Step S105: and analyzing the equipment log data based on the analysis mode, and marking the analysis result to obtain analysis data.
And (3) reorganizing the source data through built-in rules (character segmentation, json conversion, regular matching and the like) in a matched analysis mode, adding a TYPE field (assignment ips-event), marking an analysis result through the TYPE field, and outputting the analysis data which is standard json data.
Optionally, before the step of matching the parsing mode for the device log data in the device data model, the method further includes:
filtering illegal device log data;
the filtering of illegal device log data includes establishing a monitoring file;
comparing the equipment identity data of the equipment log data with a monitoring file;
and filtering illegal equipment log data according to the comparison result.
In a specific application scene, a collector combines asset equipment information and equipment log collection rules, deeply associates asset equipment IP and event receiving monitoring, and filters illegal equipment log data; after the event monitoring is checked in the asset equipment, the system writes the IP and the tree structure code of the equipment into a system configuration file (A.yml), and the IP which does not exist in the system configuration file is regarded as illegal IP by the system; the IP existing in the system configuration file is a legal IP, and device log data (a host anti-virus log, a database audit log, various device event logs and a system log … …) are extracted for the legal IP.
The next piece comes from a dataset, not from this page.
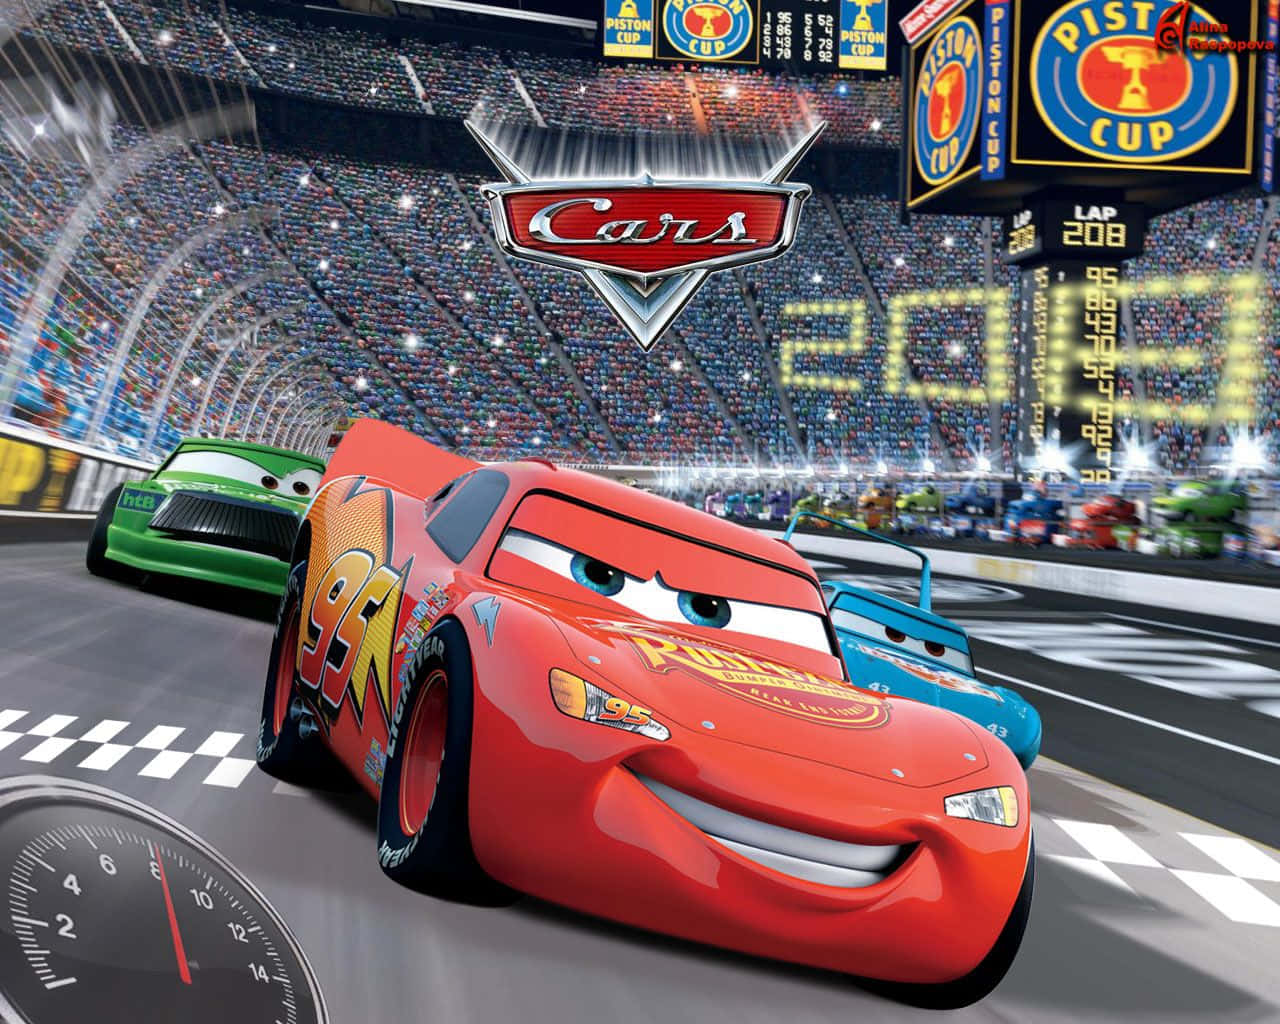 Disneycars Kører Racerløb I Et Stadion.

Optionally, in the device data model, in a parsing manner for matching the device log data:
the matching includes regular expression adaptation rules.
Optionally, the matching parsing method for the device log data in the device data model includes:
if the analysis mode is not matched, adding a corresponding analysis mode.
If the corresponding analysis mode is not matched, analyzing the equipment log data of the unmatched analysis mode, so that the corresponding analysis mode is added or the corresponding analysis mode is defined according to the equipment log data, and the corresponding analysis mode is added into an analysis list, so that the equipment log data of the equipment data model of the same analysis mode can be matched after the equipment log data of the equipment data model of the same analysis mode appears in the later stage.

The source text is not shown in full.